### Data extract
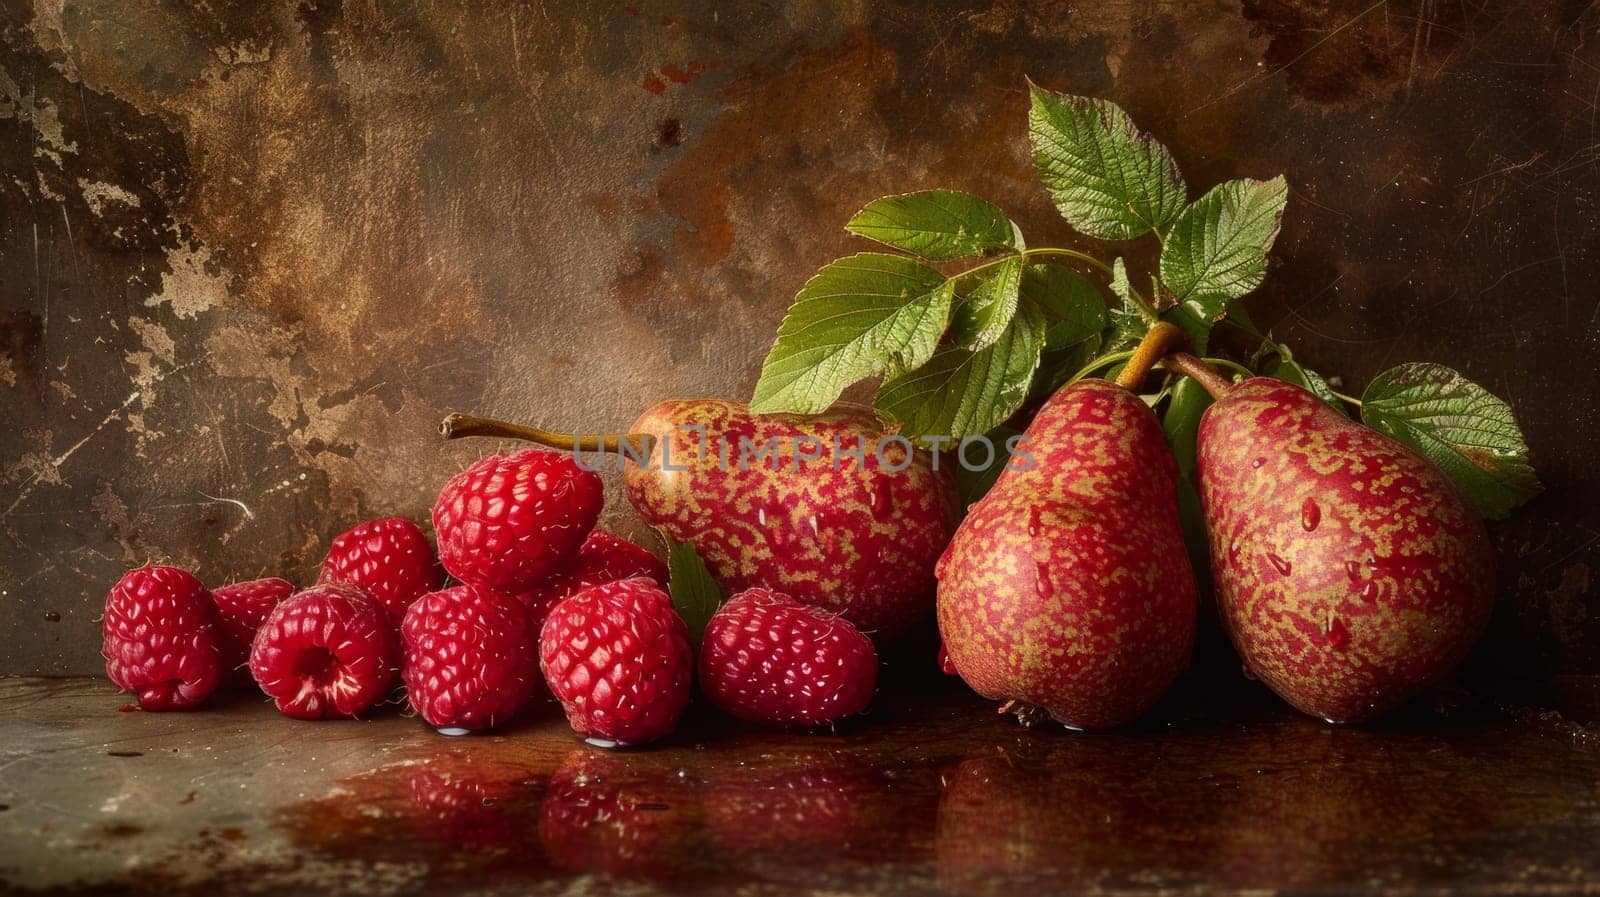 A bunch of raspberries and pears are sitting on a table
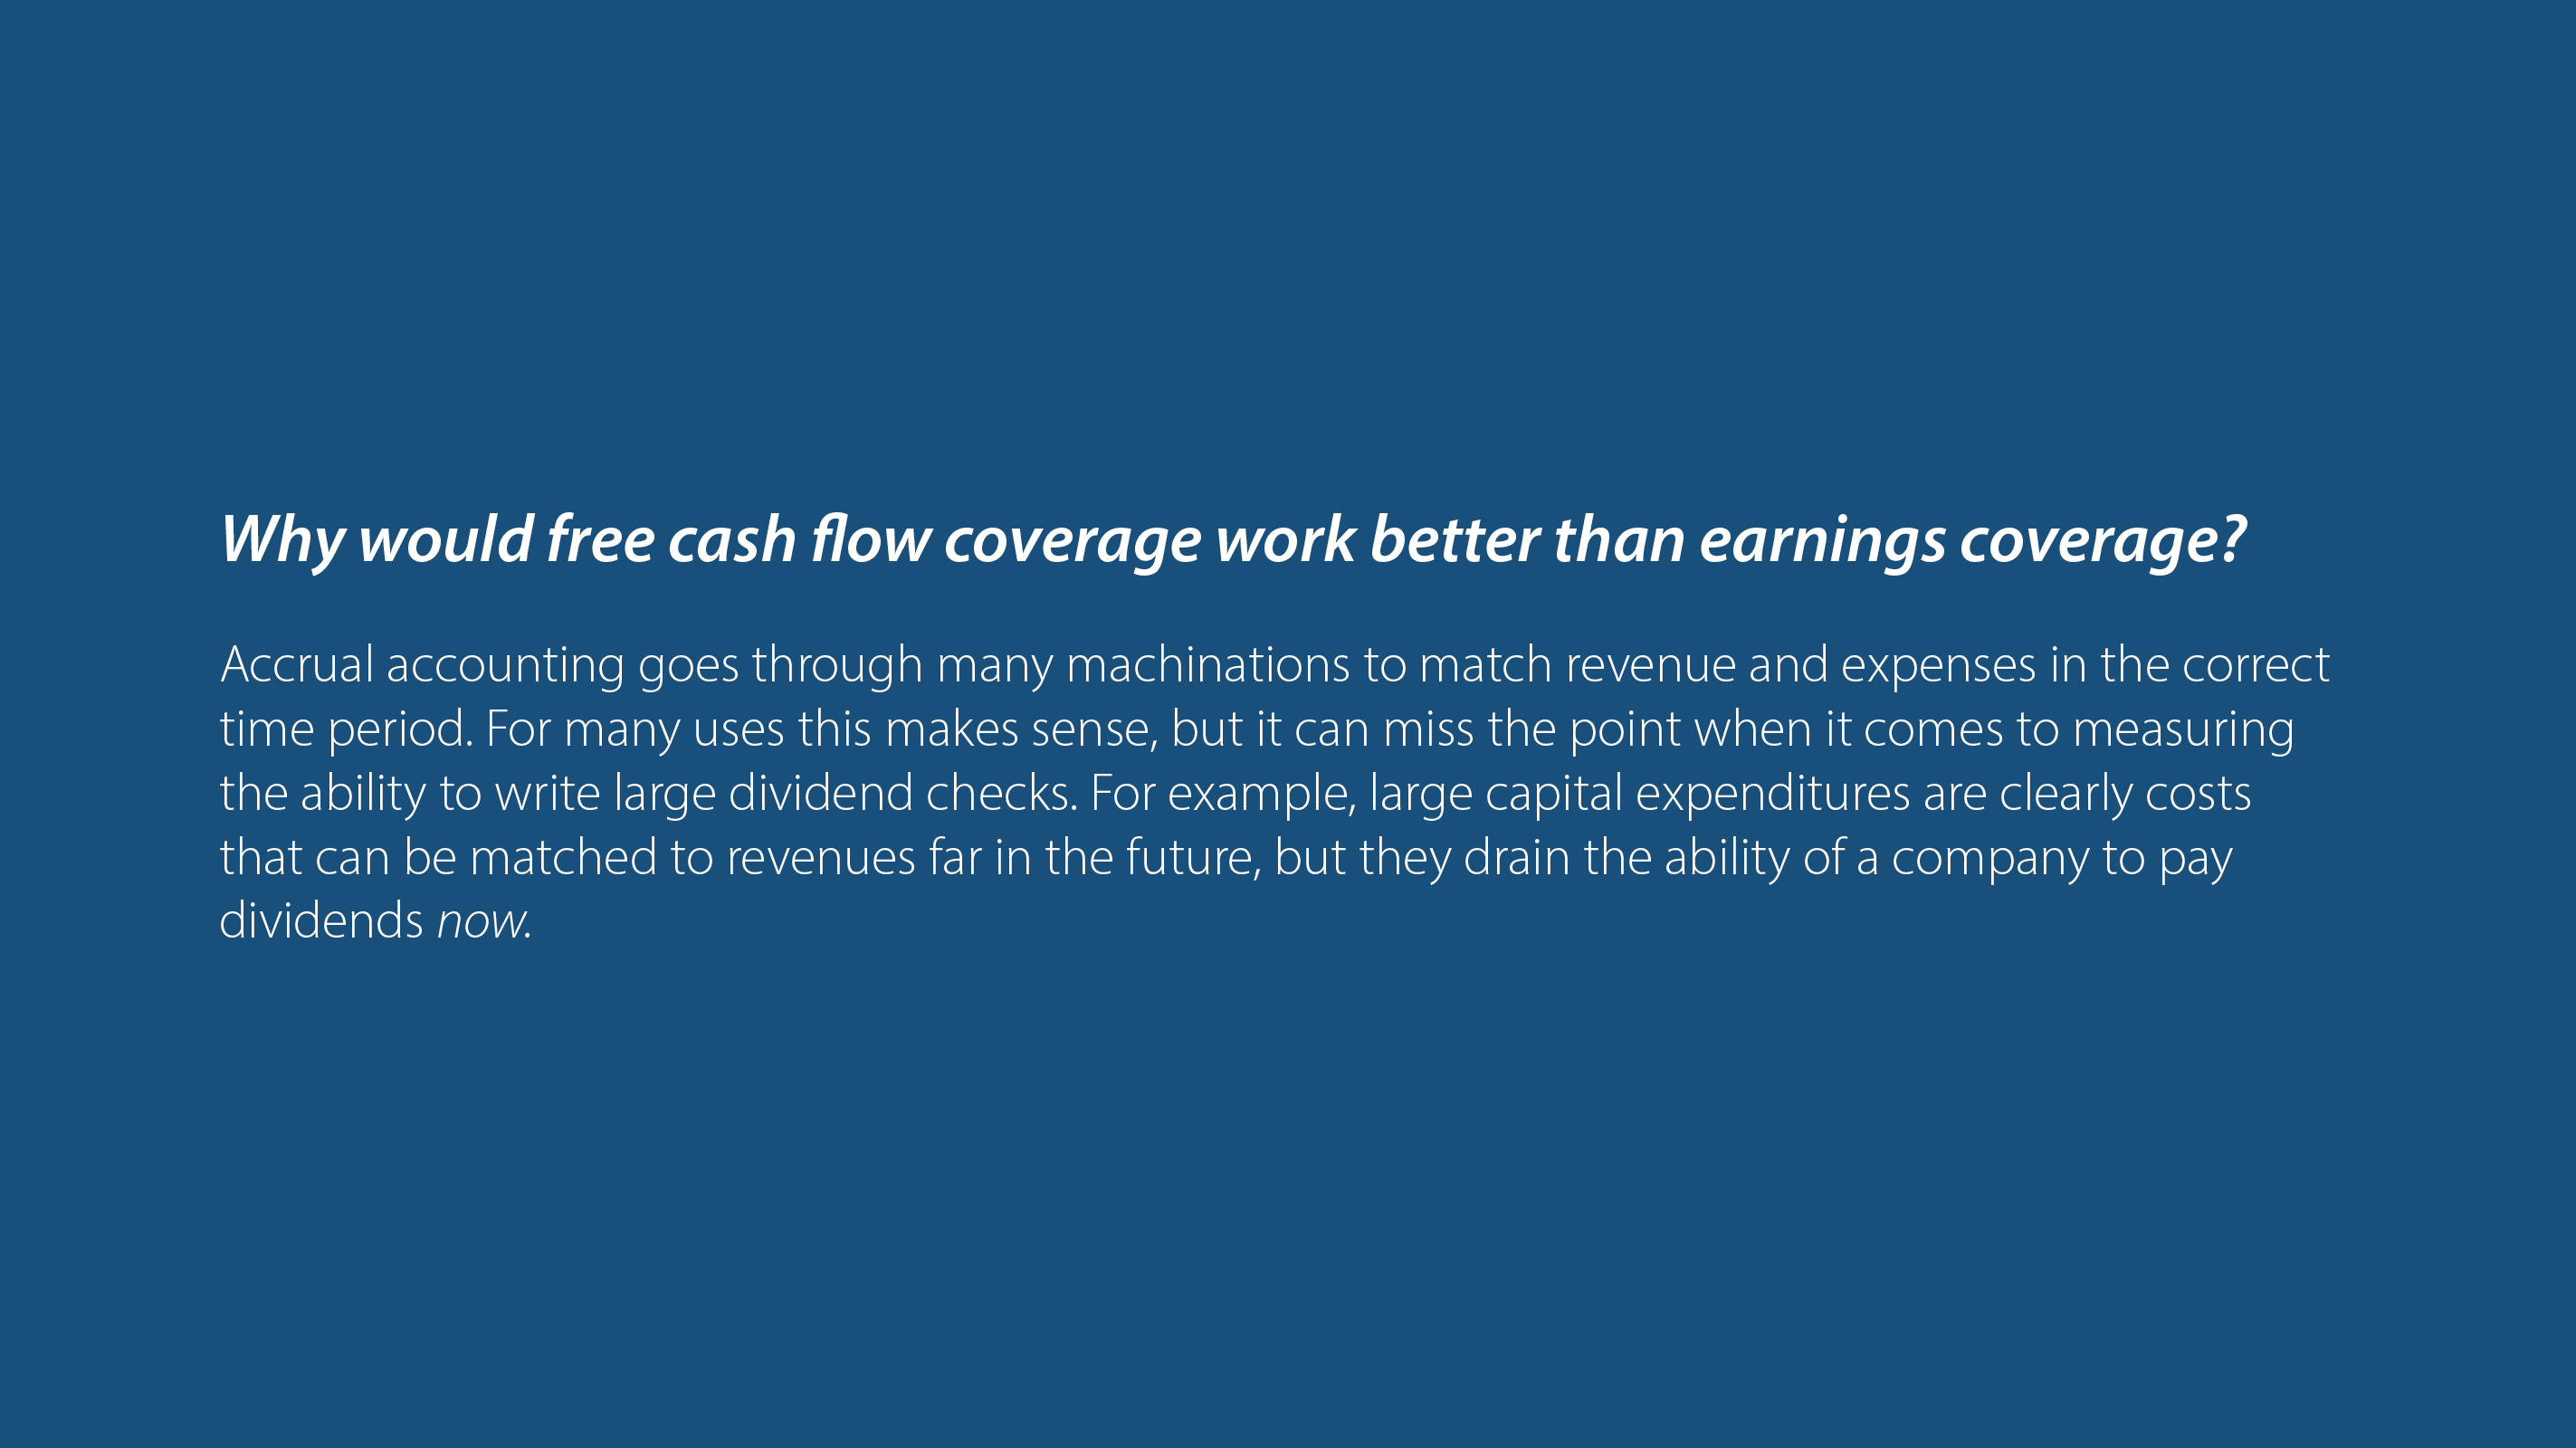 Why would free cash flow coverage work better than earnings coverage?
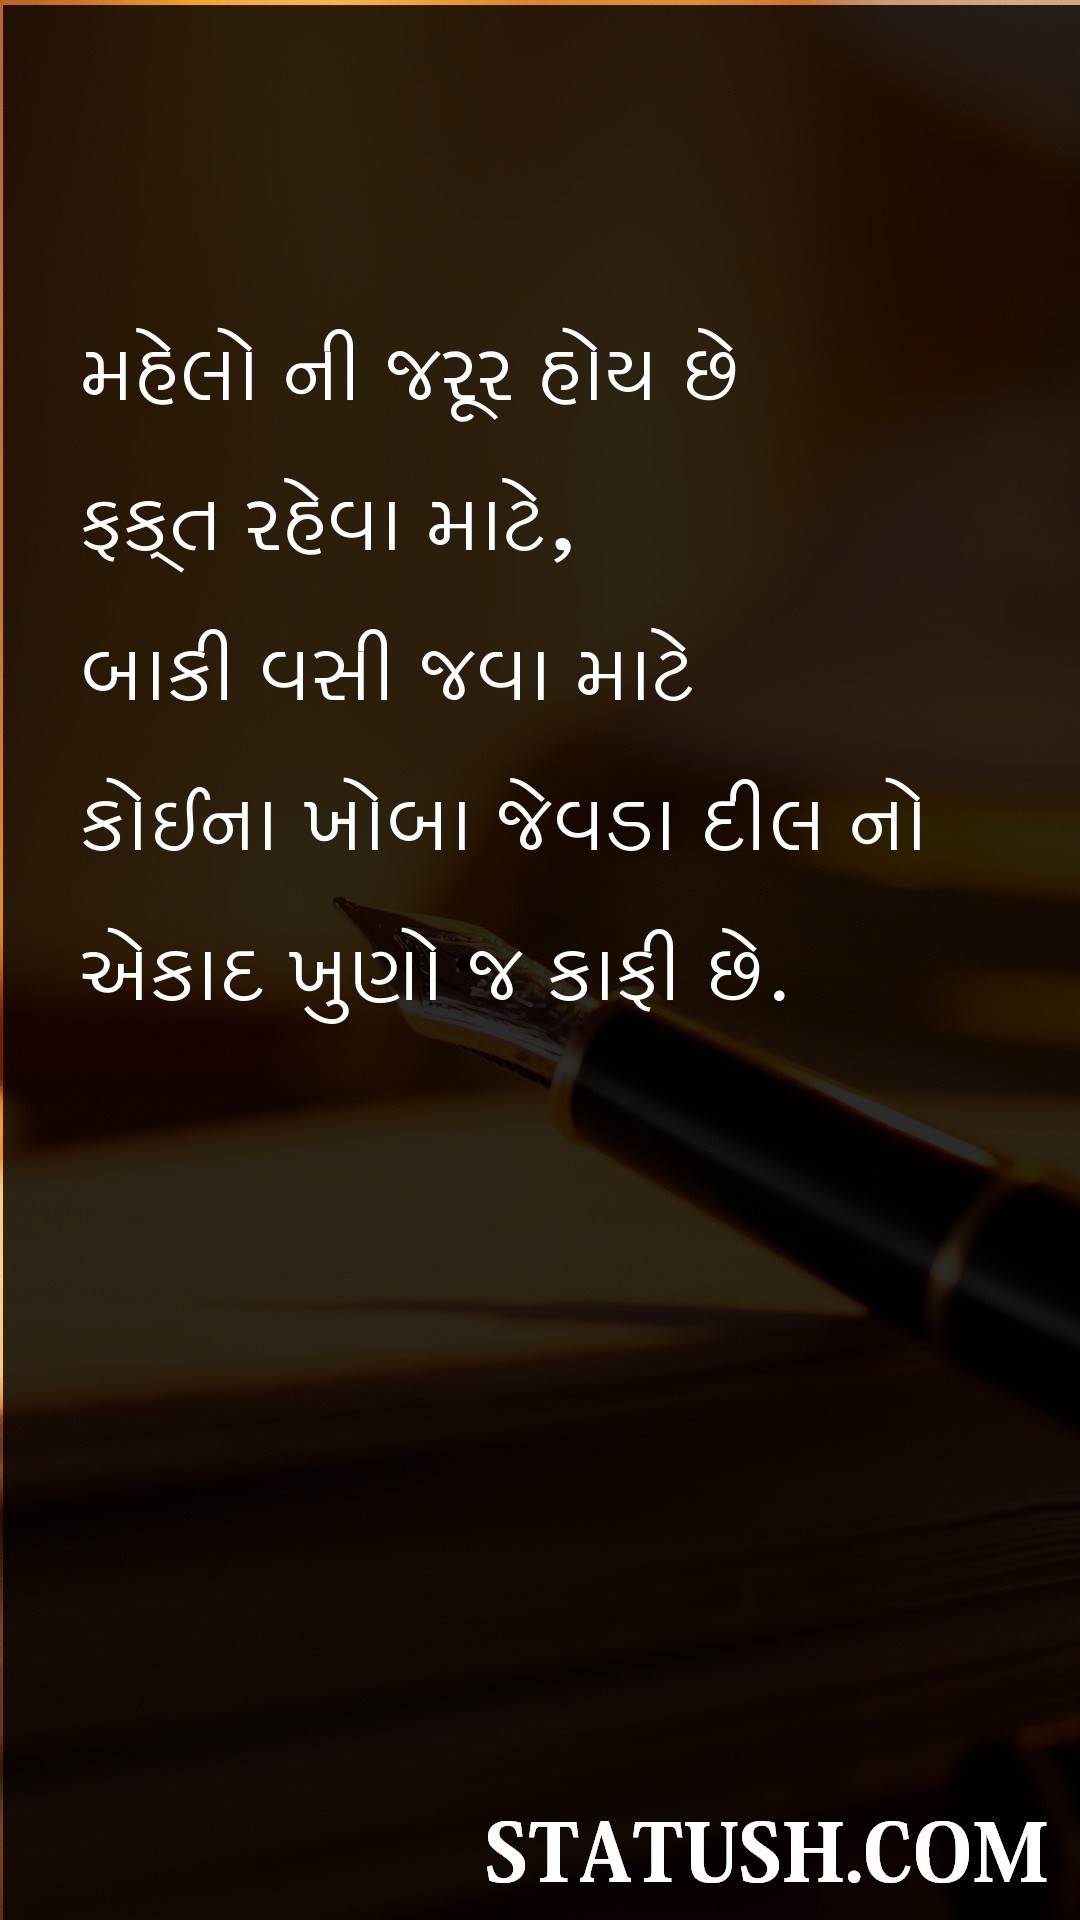 Palaces are needed Gujarati Quotes at statush.com

### What you are asked to do
Starting with the top line, write out all the data above exactly; keep the pictures out.

### Result
 A bunch of raspberries and pears are sitting on a table
 Why would free cash flow coverage work better than earnings coverage?
 Palaces are needed Gujarati Quotes at statush.com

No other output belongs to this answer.